Lance Armstrong Takes On the World

Rumor has it that in an upcoming interview with Oprah Winfrey, Lance Armstrong will make a “limited confession” to using performance-enhancing drugs during the time period when he won the prestigious Tour de France bicycle race for seven straight years from 1999 to 2005.

Lance Armstrong relaxes at his home in Austin, Texas, with his Seven Tour de France Jerseys

Lance Armstrong with his Seven Tour de France Jerseys

If so, this would be a major about-face for Armstrong, who for years has actively and vociferously denied charges of using performance-enhancing drugs. He has even gone so far as to aggressively pursue both defensive and offensive legal action against individuals, publications, and organizations that have publicly charged him with doping.

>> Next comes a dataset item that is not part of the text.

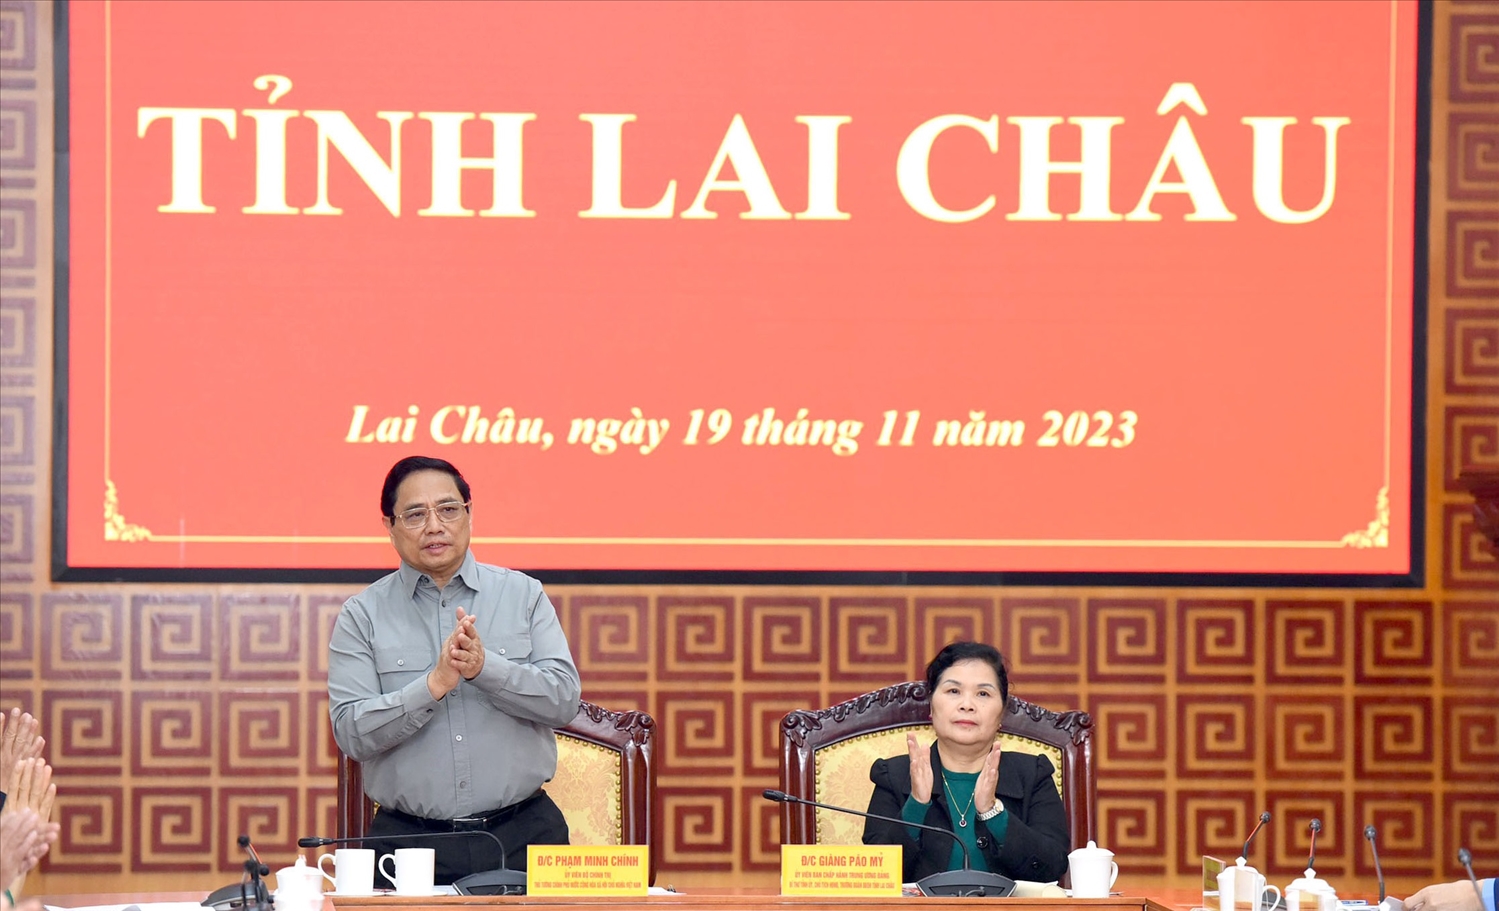 Thủ tướng đánh giá cao những kết quả mà tỉnh Lai Châu đã đạt được trong phát triển kinh tế-xã hội, an ninh quốc phòng thời gian qua

However, the tide began turning against him when in June 2012 the United States Anti-Doping Agency (USADA) formally accused Armstrong of doping. In August 2012 USADA released a damning 202 page report providing extensive eyewitness and documentary evidence of Armstrong’s doping. As a result of the charges and the supporting evidence, Armstrong was stripped of his seven Tour de France titles, and given a lifetime ban from participating in cycling competitions or any other sport over which USADA has jurisdiction.

Armstrong predictably denied all charges, but opted not to appeal the decision. From then until now, he has steadfastly maintained his innocence.

Why is Lance Armstrong now reportedly considering confessing to doping, when he has so much to lose legally and financially? Perhaps he is hoping to re-enter the sports world. Perhaps his conscience is getting the better of him. Perhaps he is concerned about the effects of all the negative publicity on the Livestrong Foundation, which he founded in 1997 to provide support for people affected by cancer. (Armstrong is himself a cancer survivor.) Or perhaps he is bowing to the sheer weight of evidence and public outcry against him. Perhaps he no longer feels the love from the public.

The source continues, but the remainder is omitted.